Damit wurde unter anderem das IT-Sicherheitsmanagementteam eingerichtet, dem insbesondere auch die Datenschutzverantwortlichen und die Personalvertretung angehören. Weiters wurden darin einschlägige Abläufe festgelegt. Einschlägige Verarbeitungen werden der Datenschutzkommission (DSK) im Einzelfall mit den entsprechenden Schutzkonzepten vorgelegt.
Auch in den nachgeordneten Dienststellen des Bundesministeriums für Wirtschaft und Arbeit werden beim Umgang mit personenbezogenen Daten nur solche Systeme eingesetzt, die die Menschenwürde nicht berühren und die Vorgaben des Grundrechtes auf Datenschutz und Telekommunikationsgeheimnis wahren. Gegebenenfalls wird das Einvernehmen mit den Personalvertretungen hergestellt.
Antwort zu Punkt 2 der Anfrage:
Diesbezüglich darf ich auf die Beantwortung der Anfrage 1229/J durch den Herrn Bundeskanzler verweisen.

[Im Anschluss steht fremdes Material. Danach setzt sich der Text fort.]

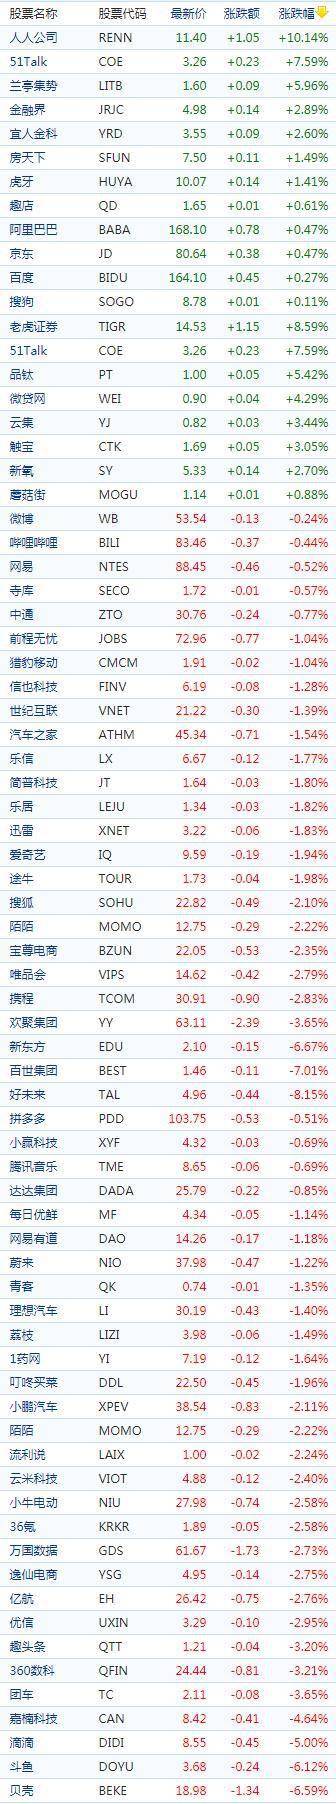 中国概念股周五收盘多数下跌 道指标普连续五个交易日走低

Antwort zu den Punkten 3 und 5 der Anfrage:
Im Bundesministerium für Wirtschaft und Arbeit und seinen nachgeordneten Dienststellen wird weder kommerzielle Software zur Überwachung von Mitarbeitern, noch werden sogenannte "Behördentrojaner" eingesetzt.
Hingegen wird in der Zentralleitung des BMWA und in den Arbeitsinspektionen folgende Software für Datensicherungs- und Systemfunktionalitätssicherungs-Maßnahmen eingesetzt: Trend Micro Neat Suite, McAfee VirusScan Enterprise (Virenschutz), Websense, Clearswift MIMEsweeper (Webseiteneinschränkung) und Microsoft Help and Support für Windows XP (Fernwartung). Verantwortlich dafür ist das IT-Sicherheitsteam, dem, wie schon in der Antwort zu Punkt 1 ausgeführt, auch die Personalvertretung angehört.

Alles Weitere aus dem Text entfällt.